OSD-28525 - Initial implementation for MachineHealthCheckUnterminatedShortCircuitSRE investigation #395

tnierman · 2025-03-27T20:34:15Z

https://issues.redhat.com/browse/OSD-28525

These changes introduce the initial implementation for the machineHealthCheckUnterminatedShortCircuitSRE alert. The alert investigation takes the following steps:

Retrieves the machines managed by any failling machinehealthcheck object. Machines & nodes that are failing which are otherwise un-managed by a machinehealthcheck that is short-circuited (ie - masters) are not investigated
- Machines that are deleting will have their node checked to see if it's stuck draining. At the moment, this check is imperfect: once the ability to query metrics is introduced, we can more precisely confirm what workloads are blocking a node drain based on the pods_preventing_node_drain metric
- Machines that are in a failed state will have their .Status.ErrorReason and .Status.ErrorMessages examined
- For each of the machines that's examined and found to be problematic, a recommended action will be added to the investigation's recommendations map. This map is used to holistically evaluate the state of the cluster following the investigation
Once all machines have been evaluated, the investigation moves on to the machines' nodes.
- Nodes whose machines have already been identified as problematic are not evaluated: this cuts down on noise and prevents us from accidentally recommending two different courses of action for the same underlying compute instance
- Currently, the node investigation is a bit bare, it primarily determines whether a specific node warrants further human investigation. Future iterations involving metrics may be able to expand on this aspect of the investigation
Finally, once all objects have been evaluated, the investigation's recommendations are summarized. By compiling the summary at the end of the investigation, rather than during each iteration, a single action can be recommended for a number of different nodes & machines (ie - "send this one servicelog regarding machine A, B, and C" rather than "send servicelog regarding machine A" + "send servicelog regarding machine B" + "send servicelog regarding machine C", etc)

Additionally, recommended test methods are supplied in the testing/ directory, along with a (somewhat) detailed README to help newcomers get started. This includes test objects that should be directly applicable to any OSD/ROSA staging cluster.

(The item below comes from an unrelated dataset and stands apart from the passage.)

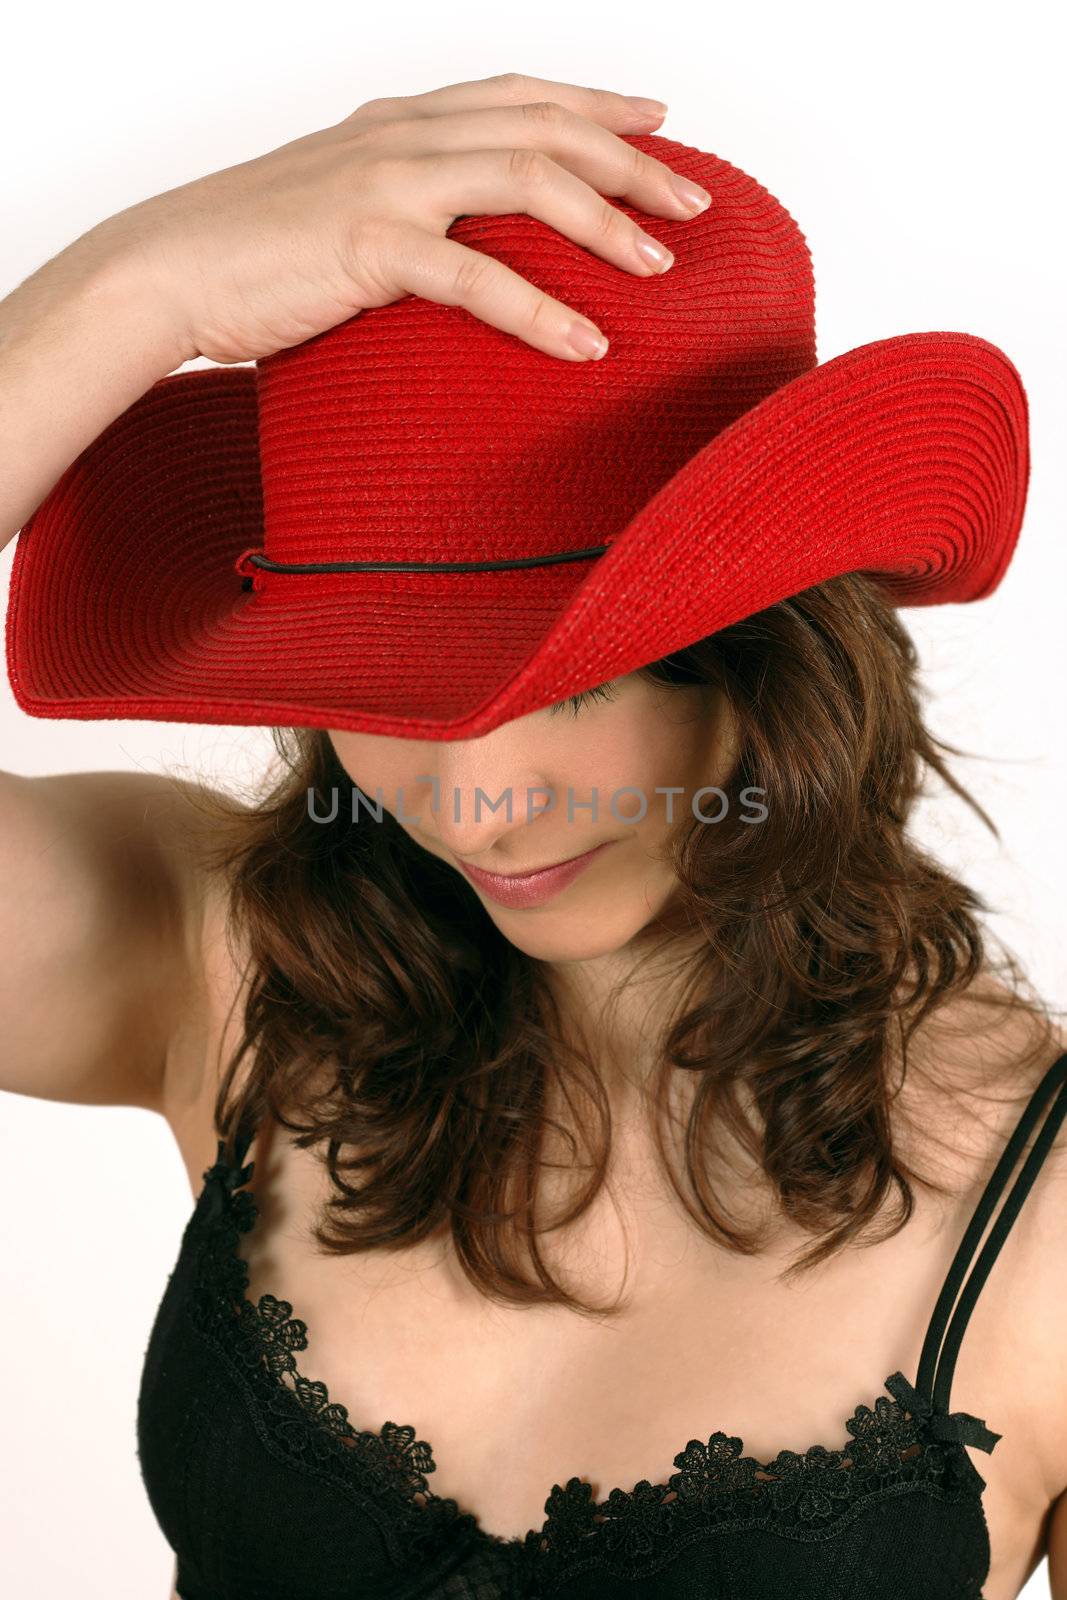 Image of a beautiful young woman putting a red cowboy hat on her head.
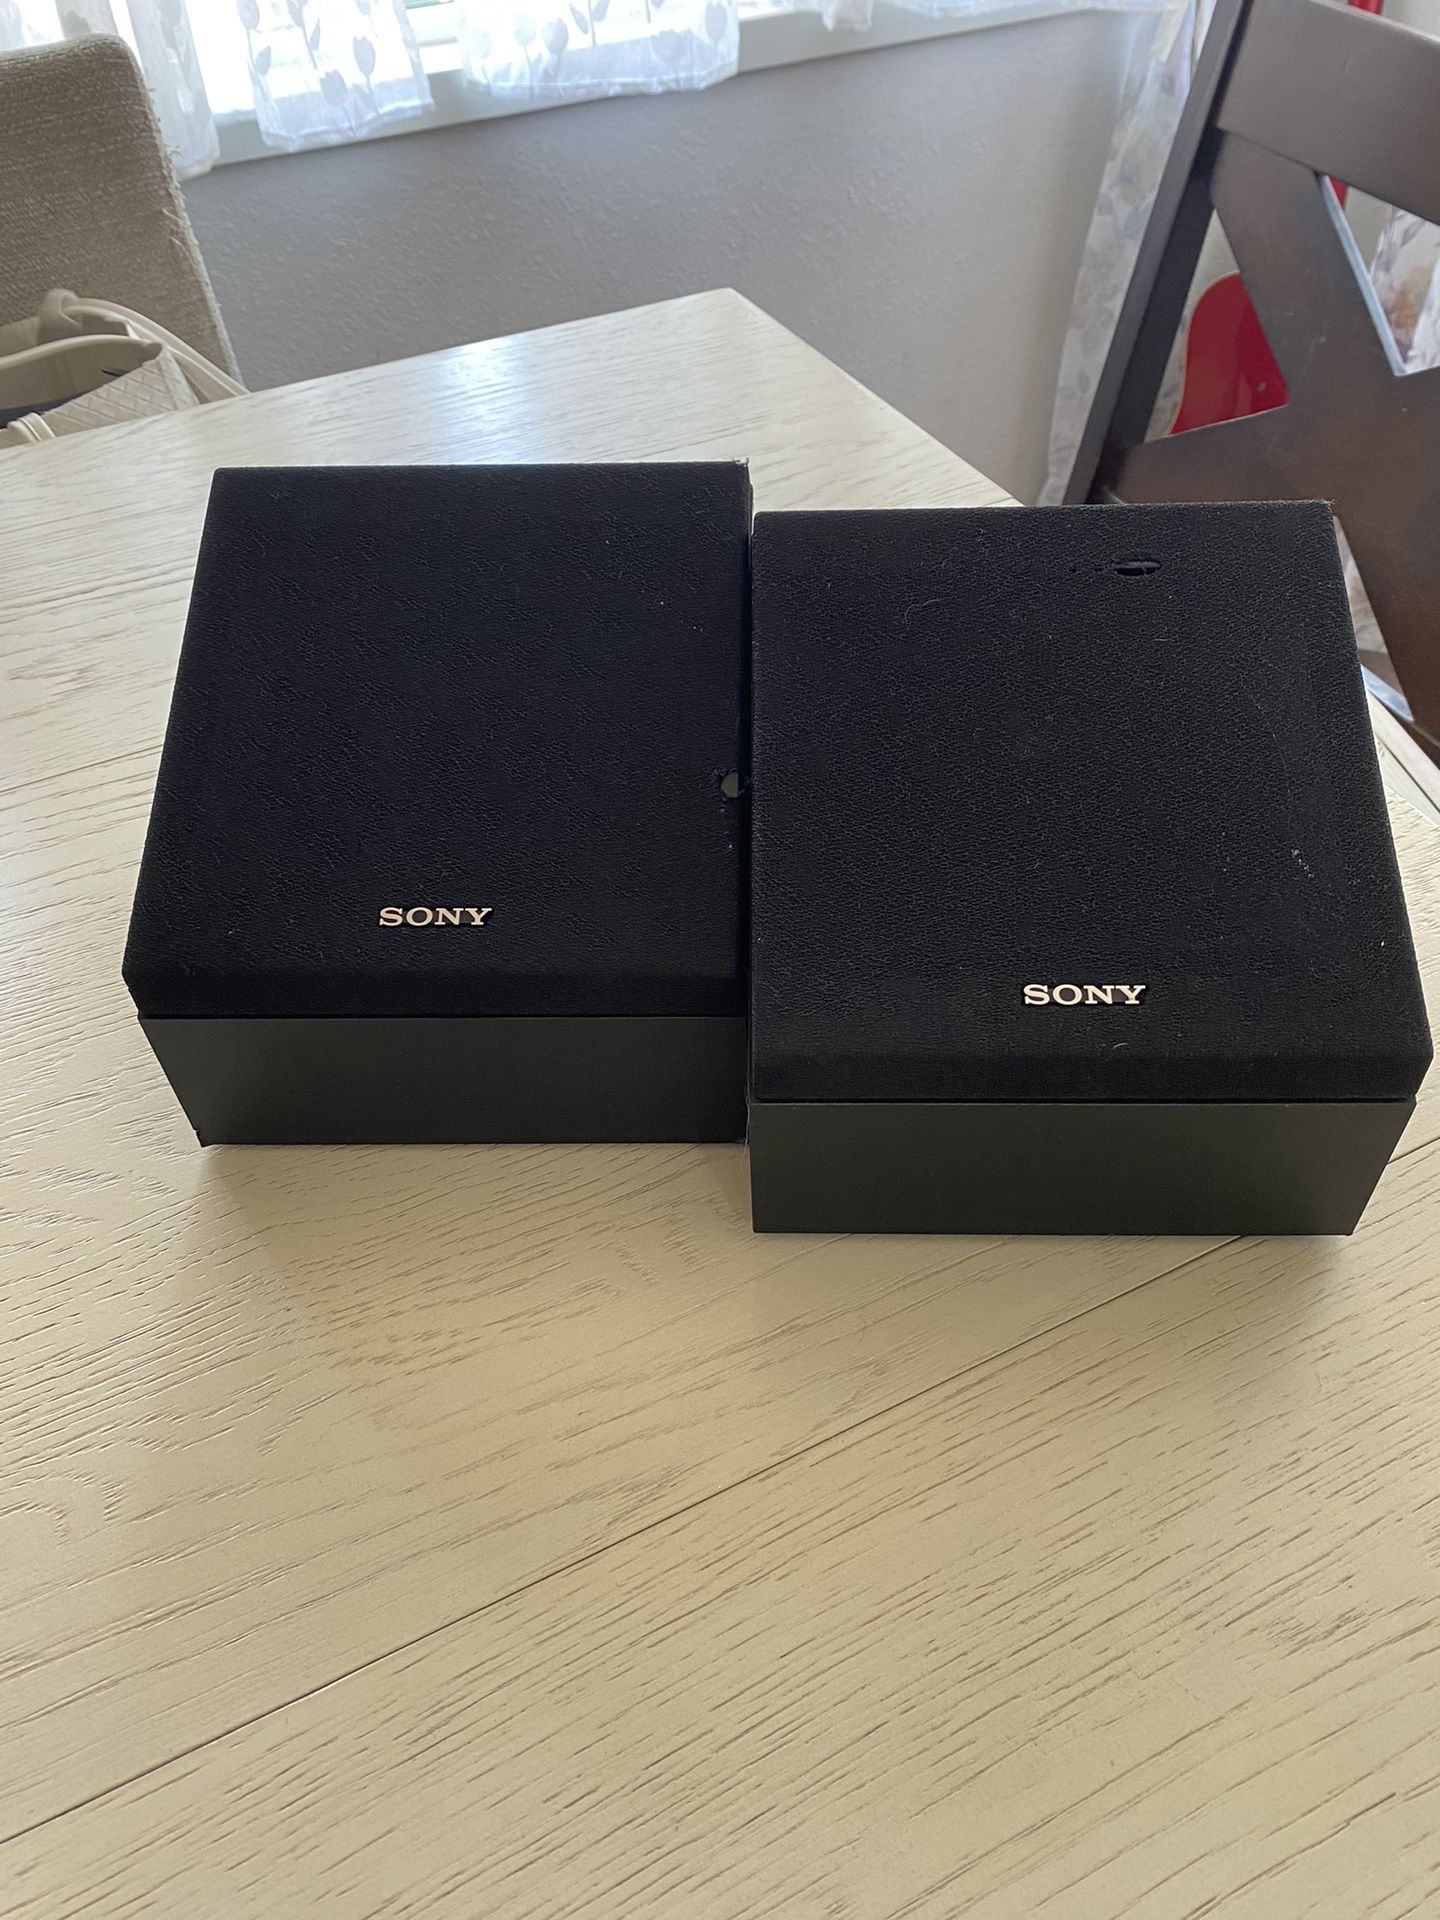 Sony sscse Dolby atmos enabled speakers

codecov-commenter · 2025-03-27T20:54:01Z

Codecov Report

Attention: Patch coverage is 52.54902% with 121 lines in your changes missing coverage. Please review.

Project coverage is 33.44%. Comparing base (7b0f2f0) to head (c1da1a1).

Files with missing lines	Patch %	Lines
...e/machinehealthcheckunterminatedshortcircuitsre.go	50.88%	79 Missing and 4 partials ⚠️
...checkunterminatedshortcircuitsre/recommendation.go	21.73%	18 Missing ⚠️
pkg/investigations/utils/machine/machine.go	66.66%	12 Missing and 2 partials ⚠️
pkg/investigations/utils/node/node.go	78.94%	4 Missing ⚠️
pkg/k8s/scheme.go	0.00%	2 Missing ⚠️

Additional details and impacted files

@@            Coverage Diff             @@
##             main     #395      +/-   ##
==========================================
+ Coverage   31.09%   33.44%   +2.34%     
==========================================
  Files          29       33       +4     
  Lines        2074     2329     +255     
==========================================
+ Hits          645      779     +134     
- Misses       1376     1491     +115     
- Partials       53       59       +6

Files with missing lines	Coverage Δ
pkg/investigations/registry.go	`0.00% <ø> (ø)`
pkg/k8s/scheme.go	`0.00% <0.00%> (ø)`
pkg/investigations/utils/node/node.go	`78.94% <78.94%> (ø)`
pkg/investigations/utils/machine/machine.go	`66.66% <66.66%> (ø)`
...checkunterminatedshortcircuitsre/recommendation.go	`21.73% <21.73%> (ø)`
...e/machinehealthcheckunterminatedshortcircuitsre.go	`50.88% <50.88%> (ø)`

🚀 New features to boost your workflow:

❄️ Test Analytics: Detect flaky tests, report on failures, and find test suite problems.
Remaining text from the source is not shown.